Within these simulations, we chose to analyse the most commonly used two-stage cluster-based survey designs. This analysis assumed that the spatial distribution of prevalence is unknown with no previously available geolocated school survey data, optimising sampling under a range of prevalence levels and spatial distributions. While most countries have some baseline survey data, many countries lack reliable spatial information on prevalence. However, if previous spatial data are available, alternative sampling strategies may be more cost effective and appropriate. For example, geostatistical sampling designs utilise information on the spatial structure of disease prevalence to design more efficient surveys [23]. Exploiting spatial correlation between locations, this approach uses spatially regulated sampling within a model-based geostatistical framework to estimate prevalence surfaces. While we only consider methods for classifying an IU based on the empirical mean as typically done by current practice, geostatistical analysis with a probabilistic assessment of the IU endemicity would lead to a substantial improvement of classification accuracy. Alternatively, when previous data are available, adaptive sampling can be used to identify disease hotspots, applying previous survey information to optimise sampling strategies [24]. While these sampling approaches are likely to be more efficient than simple random sampling, our analysis provides a framework for collecting baseline prevalence data with little or no previous geolocated survey data or in countries without the resources or technical skills to implement more complex statistical models

Despite the utility of this approach in evaluating sampling strategies, this study had several important limitations. Due to the wide range of spatial patterns assessed, we chose to conduct unconditional simulations across a simulated country. While this allows assessment of spatial distributions of risk representative of those found across SSA, the parameters used do not reflect the density of schools or distributions of administrative districts of all countries.
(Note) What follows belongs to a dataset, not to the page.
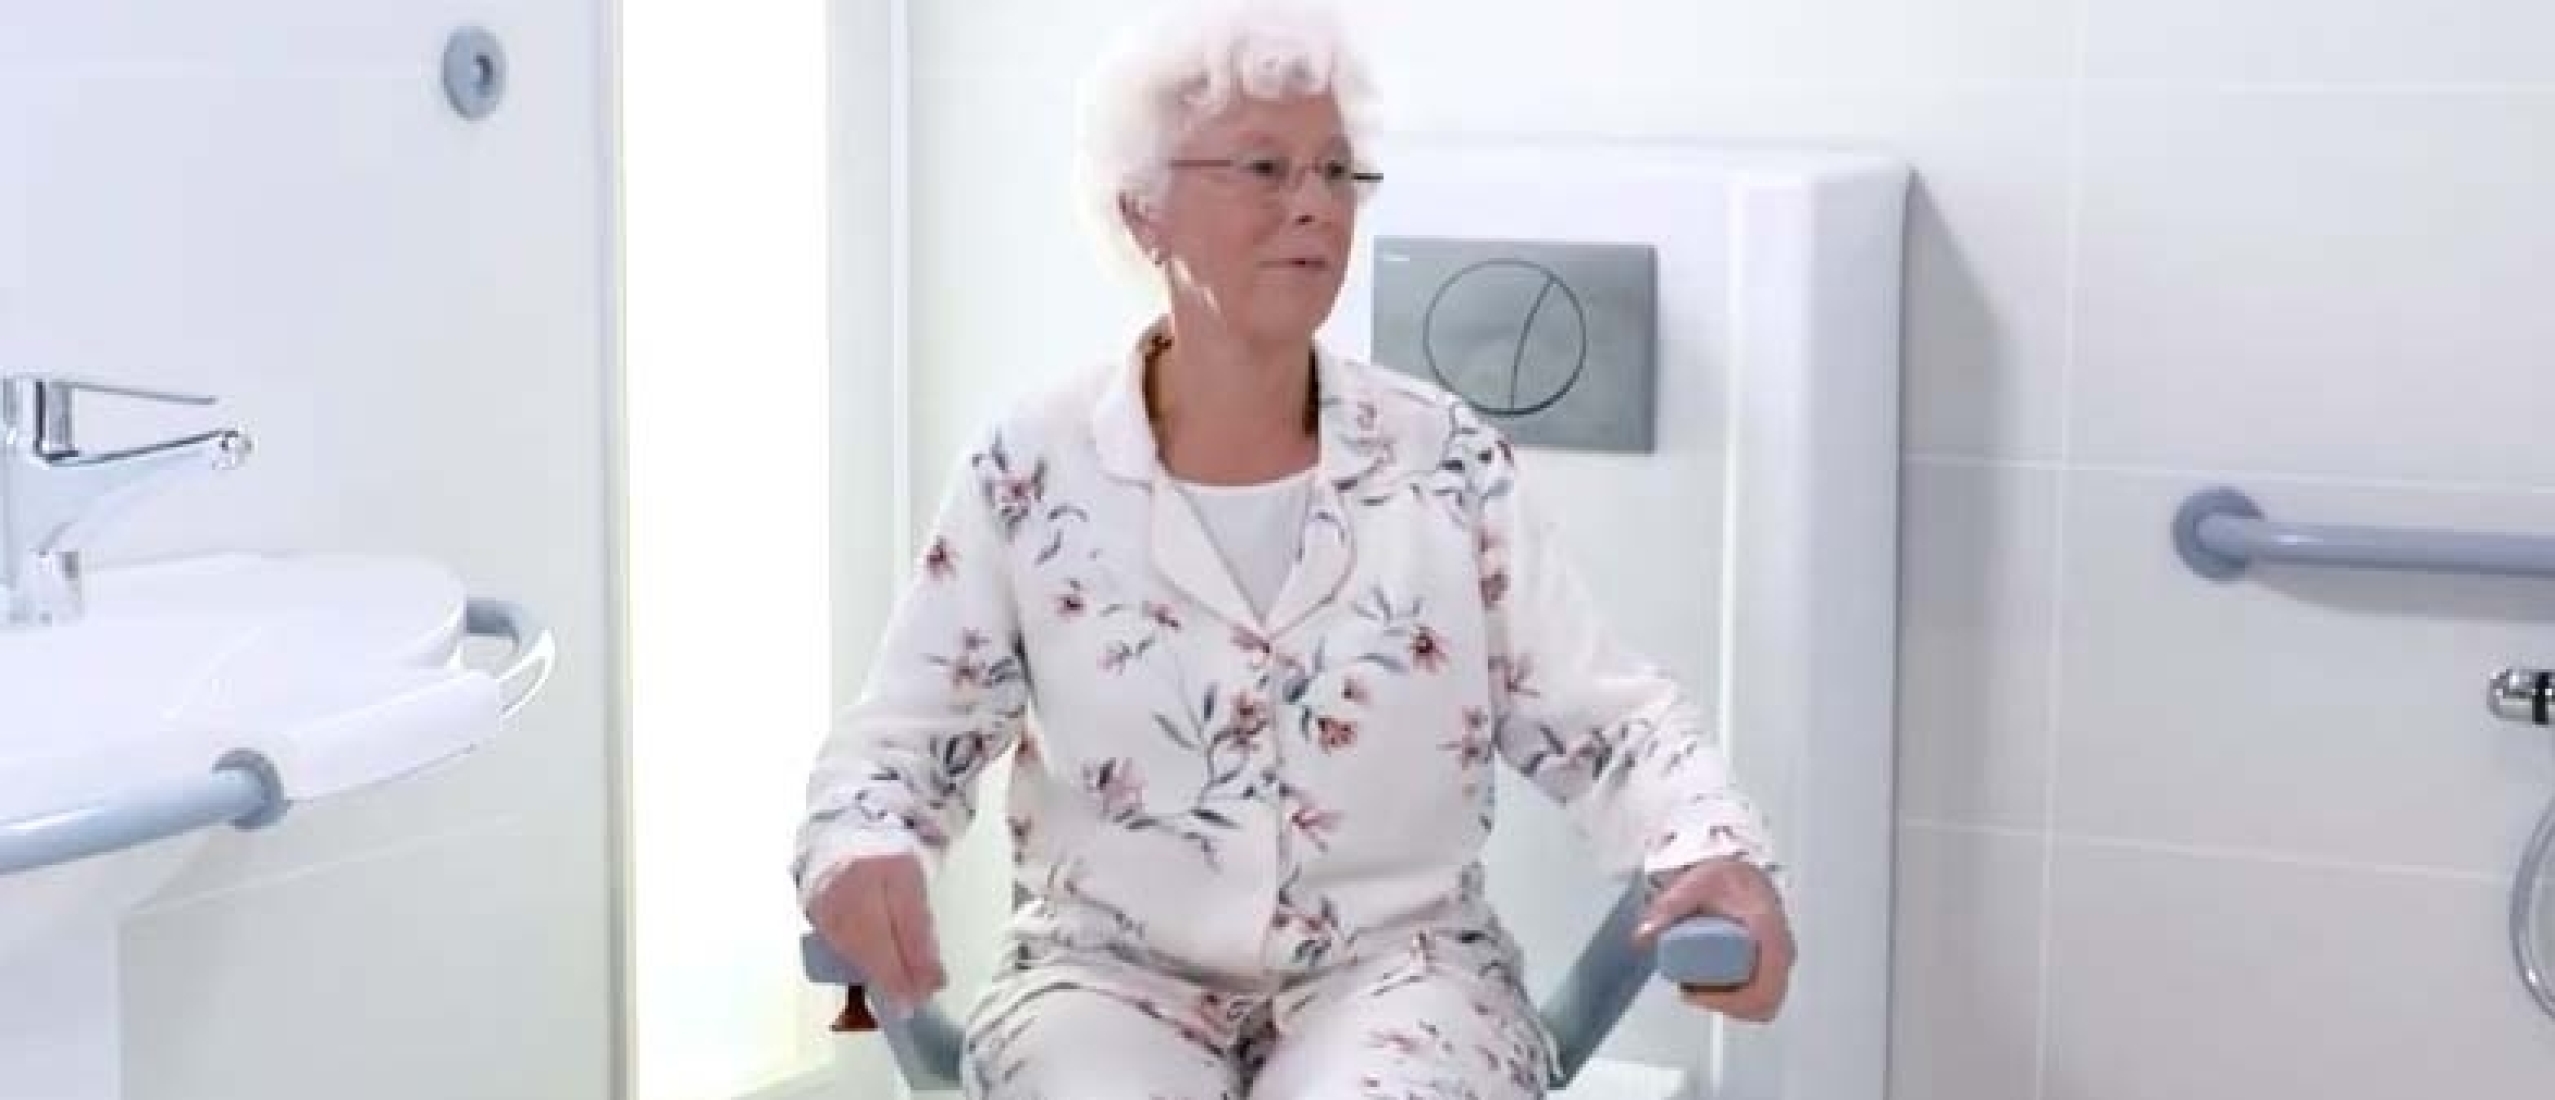 Toiletgang bij dementie: ouderen protocol en hulpmiddelen

Subdistrict definitions vary substantially by country, with notable increases in the numbers of subnational administrative units within the past decades [25]. While the consistent numbers of subdistricts identified in all districts within our simulated country are unlikely to occur in most countries, this provides a model of how control programmes could consider subdividing districts with variable numbers of subdistricts. Further, as this modelling approach was developed using open-source software, this analysis can be easily modified to reflect actual administrative boundaries. Additionally, although this study analysed the largest available database of school-based surveys for schistosomiasis, this did not allow the evaluation of how spatial patterns changed over time or in response to control measures. Future studies could evaluate how these spatial distributions would be expected to change. As surveys are only conducted in geographically suitable regions for schistosomiasis transmission, further work could explore the application of improved environmental data in defining and identifying these regions.

Conclusions

Together, this study demonstrates the importance of spatial structure when designing mapping surveys and highlights how using finer scale implementation units can improve treatment classification accuracy. While the most substantial gains in accuracy result from sampling higher numbers of schools at subdistrict levels, even sampling the same number of schools stratified by subdistrict improves overall accuracy. Effects of these survey designs become more pronounced as focality and variance increases and prevalence approaches the 10% threshold. By considering the specific goals of the control programme, costs and likely spatial distributions within the study areas, this analysis can be used to guide control programmes to develop appropriate sampling strategies.